Cancer 81

OK, overall that was a bad week. I felt for the first time that perhaps I was on my decline and I didn’t like it. I am not ready for it, but I am trying to be honest with this blog so you get the bad with the good. Fortunately, I am back to feeling well and positive, though I went through an added blip yesterday when I went to the hospital for my chemo.

I arrived at the hospital early, to ensure I could find a parking space. I always park in the University of Nottingham site but even that can fill up. I went to Aldi to buy food as the hospital food for day patients lives up to its reputation. Back in the hospital, I ran into nurse Ratchett, one of my nurses. She took one look at me and asked why I was in the hospital. I looked very ill and I wouldn’t get my treatment (it can be worrying to be told you look very ill by a nurse – they tend to know what they are doing). I should point out that when I go from a relatively cold place to a relatively warm place, and I am wearing too many clothes, a jumper in this case, I sweat profusely. I have been known to literally steam from the top of my head, though I didn’t on this occasion.

There is a unit within the oncology department that I am supposed to phone if I am ill or having any abnormal symptoms – at any time, day or night. Nurse Ratchett told me I should have phoned them as I had a severe rash all over my head and I was sweating. I told her that I was fine and that phoning the unit was for ill people, not me. She was a little exasperated and told me I should report as usual but that I wouldn’t get treatment and that I would be bedblocking (chair blocking actually) for the day.

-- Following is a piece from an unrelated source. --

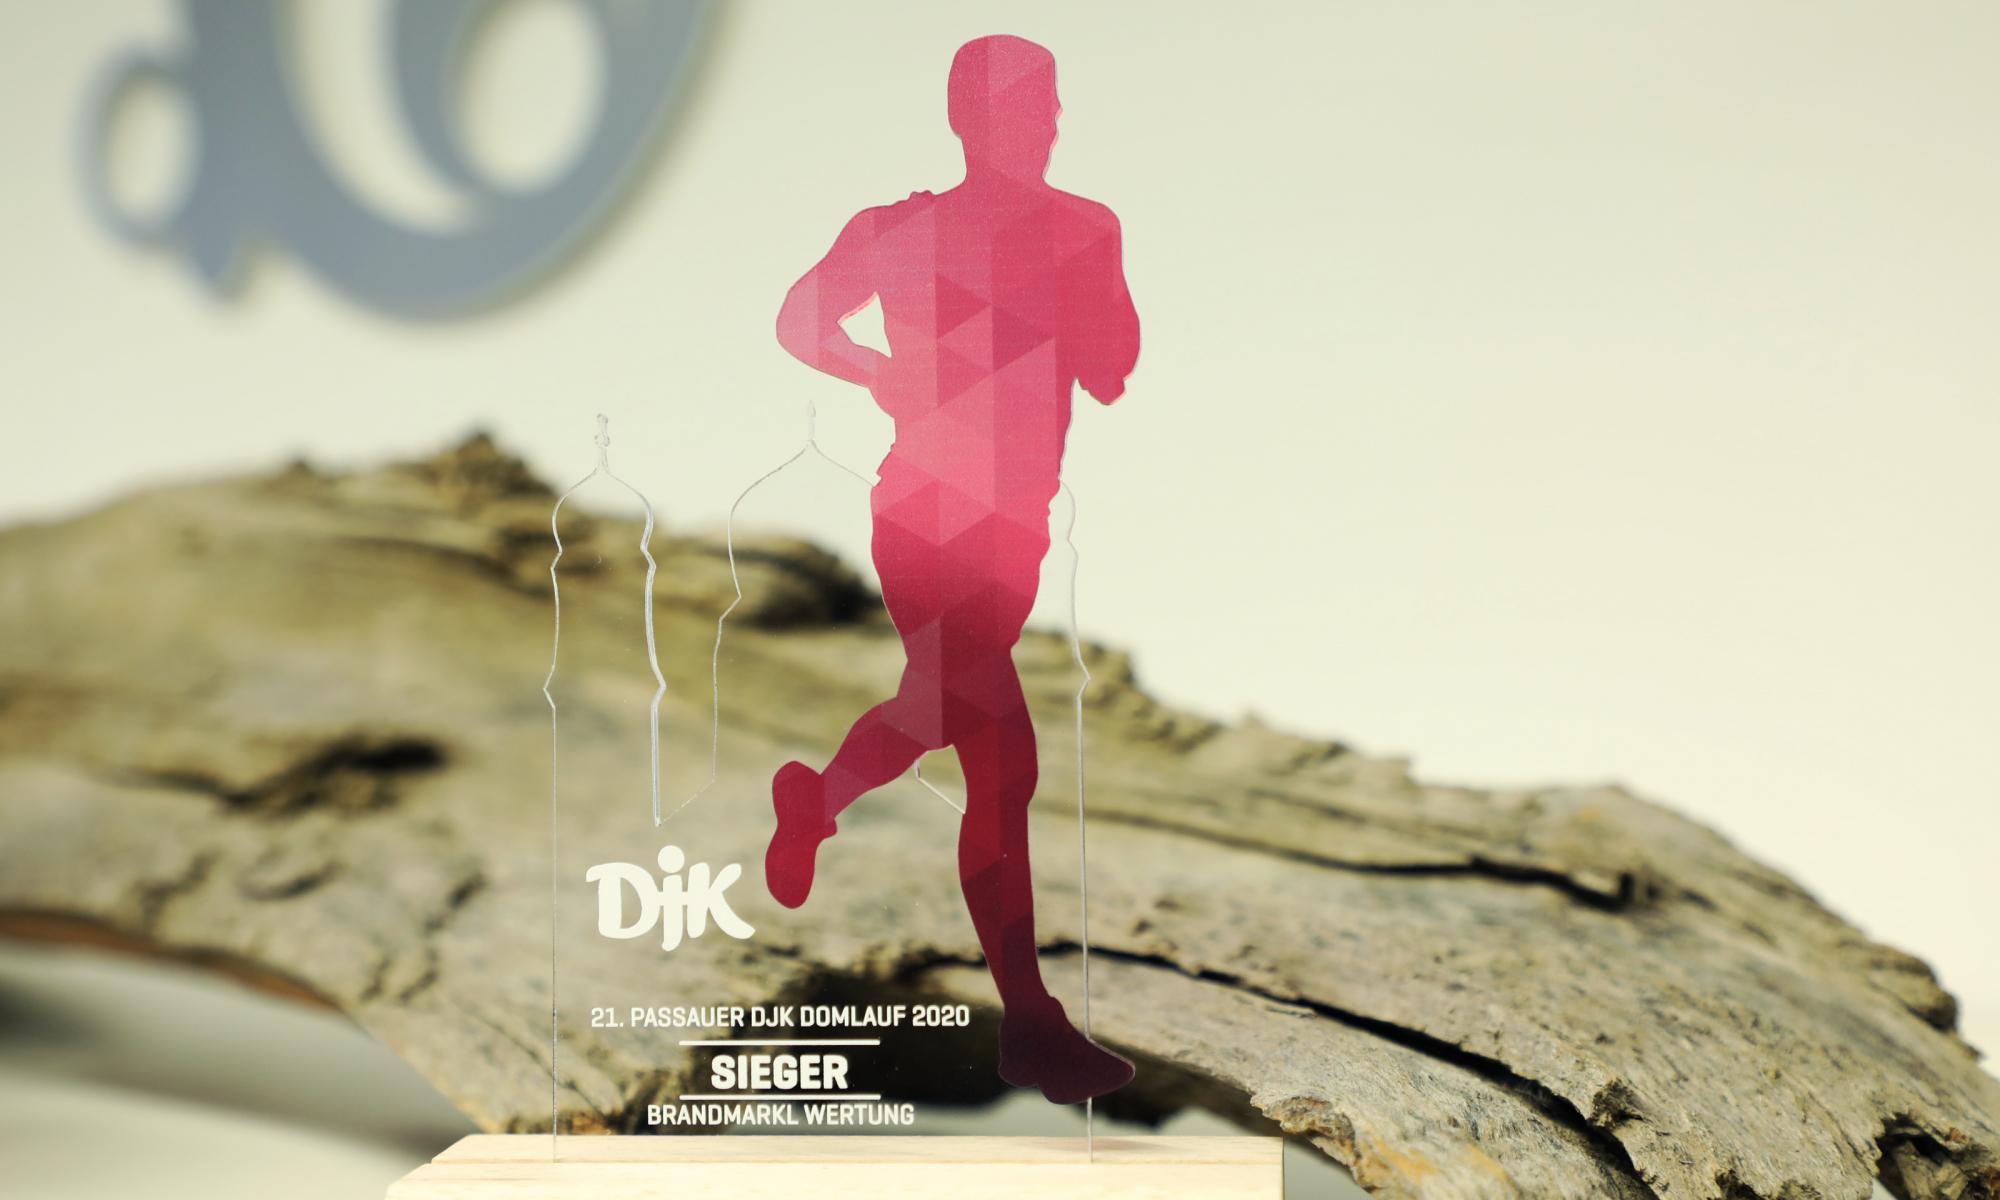 200309 DJK Domlauf Pokal foto5

I wasn’t happy but I did as I was told, as I always do when a nurse shouts at me.

On arrival, I went into the bay where I got shouted at again as Nurse Ratchett had told everybody what she had seen. The disadvantage at this stage of treatment (round 9) is that many of the nurses know me. I should perhaps be quiet and unobtrusive instead of loud. Fortunately, this nurse, let’s call her Nurse King, likes me because I talked to her about writing and she is enthusiastically starting the process of looking at writing courses and structuring a book. I have achieved something in my time on the ward. I sat in my chair and waited to see what would happen.

A specialist nurse came and assessed me, looking at my rash, which fortunately is only at the top end of my body and has penetrated no orifices. She asked me lots of questions about other symptoms. I confidently, if not entirely accurately, said no to everything except tiredness. My obs were fine. She left to confer with my consultant, after which I learned that I would get treatment, so I pulled an appropriate face at Nurse Ratchett and received my treatment. The day went as usual, though delayed so I didn’t escape until 5pm.

I was given an antibiotic for my rash, which I have to take for two weeks, and also some moisturising cream (ahem) so I am setting another record for the number of drugs I take. The rash is possibly an allergic reaction to another new drug I started last time. I don’t think anybody really knows, as there are so many drugs that inevitably interact with each other in possibly unpredictable ways. Still, an antibiotic can’t do any harm, can it?

I am currently attached to my bottle of fluorouracil, 5000mg to enter my body over 46 hours. It means I don’t go to bed, and I sleep very little, but at least I got my treatment. Fight hard folks, claim wellness, and wellness will be thrust upon you.

Today we drove to Lichfield, perhaps my favourite UK city (because it is small, has several bookshops, and both an Erasmus Darwin and a Samuel Johnson museum), and ate well. Friday we head to Pembrokeshire. It has a coastline, but I can’t have everything.

By the way, I should say that I have a good sparring relationship with Nurse Ratchett, and the name – shockingly not her real name – was applied to her by me in her presence and is used in the general banter that is virtually continuous during the day between nurses and patients. I have said before that the nurses are incredibly positive people. I don’t know how they do it day after day in such a place of sadness and despair, but they keep most of us cheerful while we are undergoing what can only be described as unpleasant procedures. If the Tory Government wanted to do one good thing in the time they have left (not much I hope), then improve the pay and conditions of the nurses. They are the ones who see the patients continually and keep the whole edifice of the NHS functioning at that critical junction between patient and treatment. Consultants make the key decisions, but nurses do the implementation, and they do it in a very human and reassuring manner.